What to work on. The answer should hold only the lines from the one containing "Melissa Darling Wedge" through the one containing "Port &amp; Company" in the entries below, copied exactly, without pictures.

----- The data -----

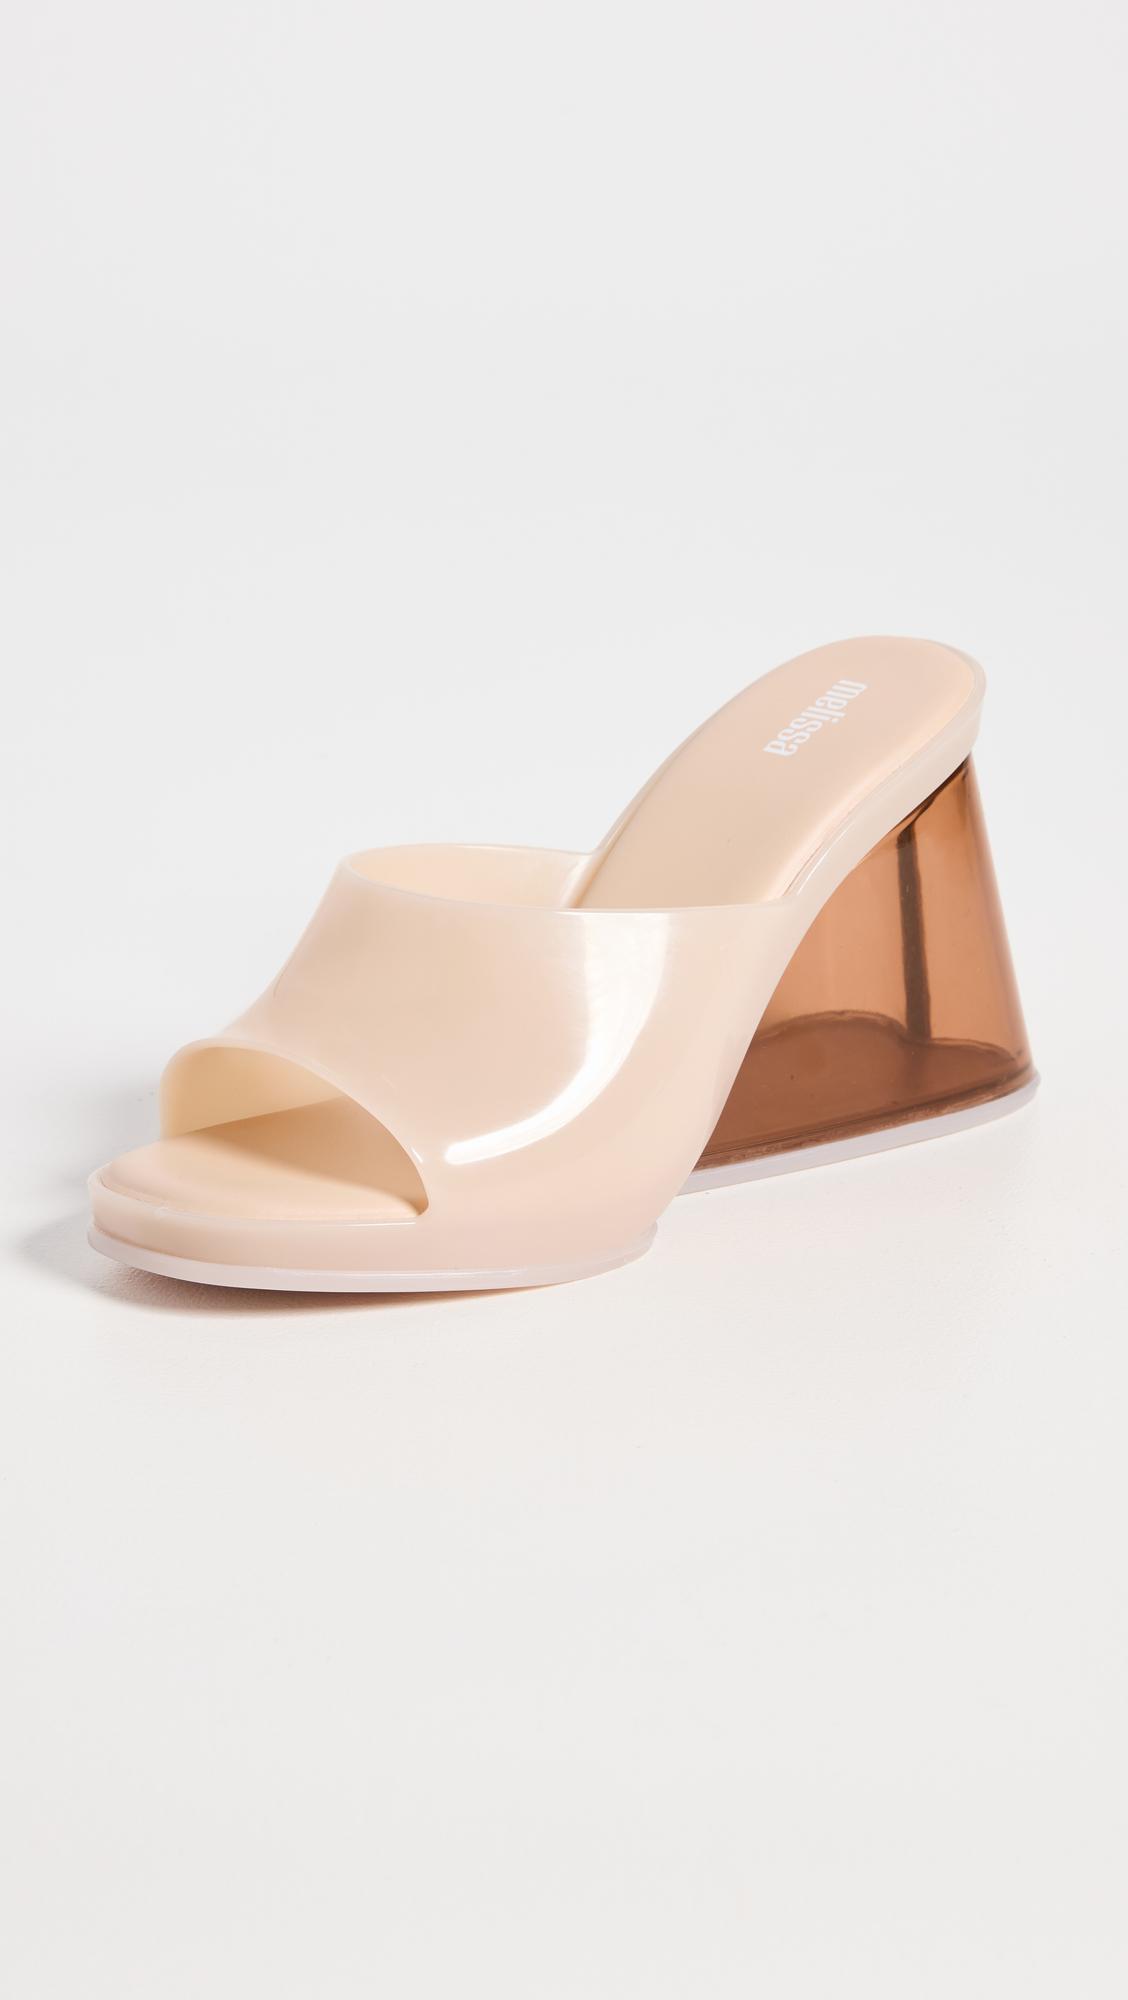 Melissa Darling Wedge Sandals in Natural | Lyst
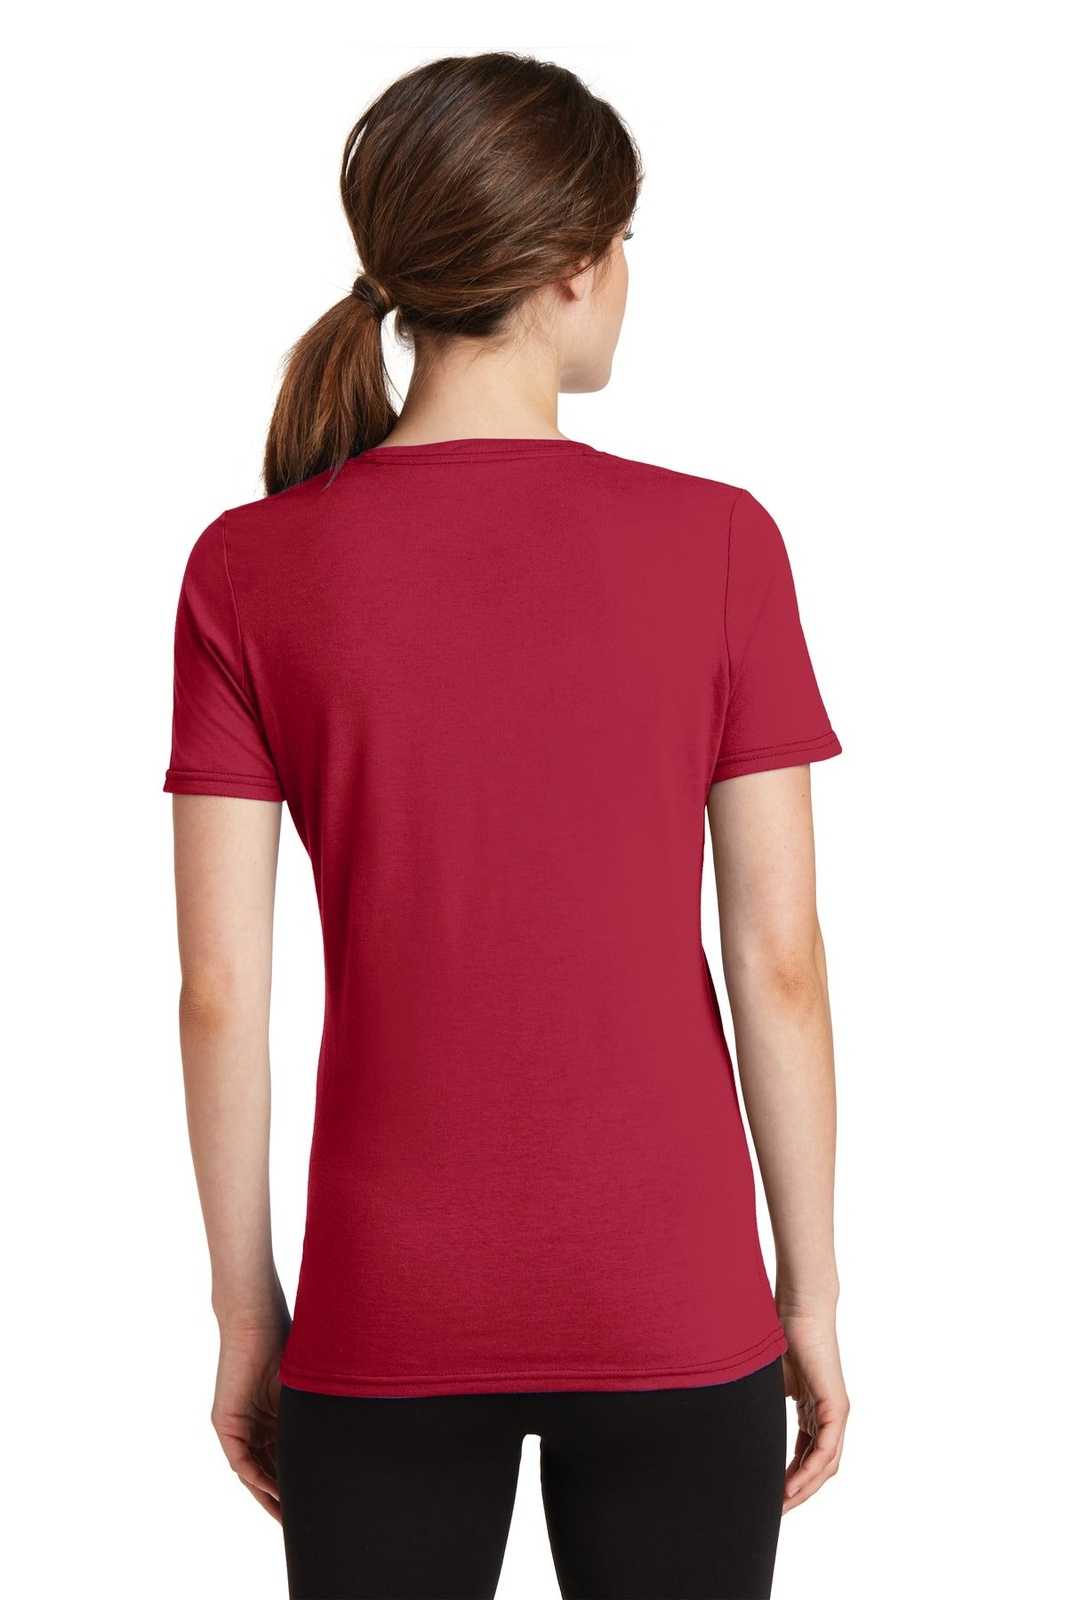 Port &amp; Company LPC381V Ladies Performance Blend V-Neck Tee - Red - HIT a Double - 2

-----
----- The data -----

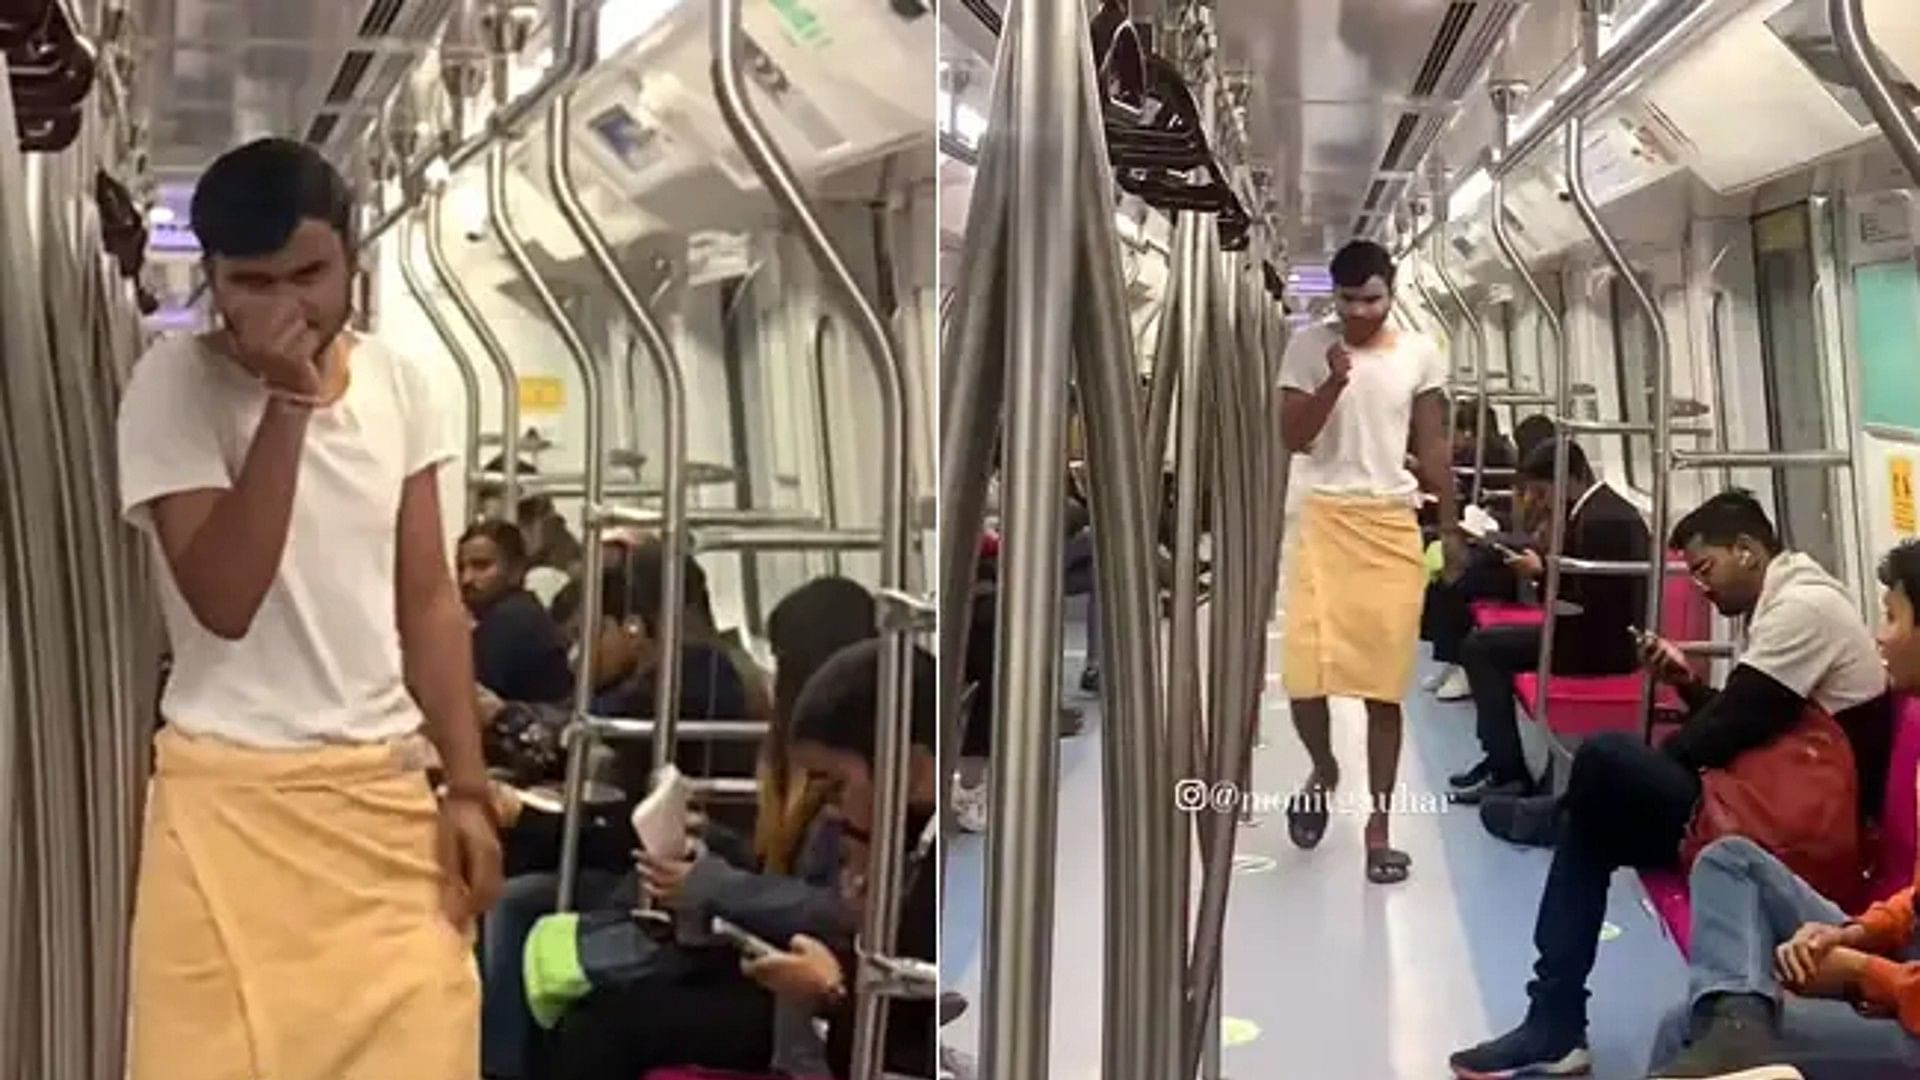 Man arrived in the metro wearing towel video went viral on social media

-----

Solution for this exercise.
 Melissa Darling Wedge Sandals in Natural | Lyst
 Port &amp; Company LPC381V Ladies Performance Blend V-Neck Tee - Red - HIT a Double - 2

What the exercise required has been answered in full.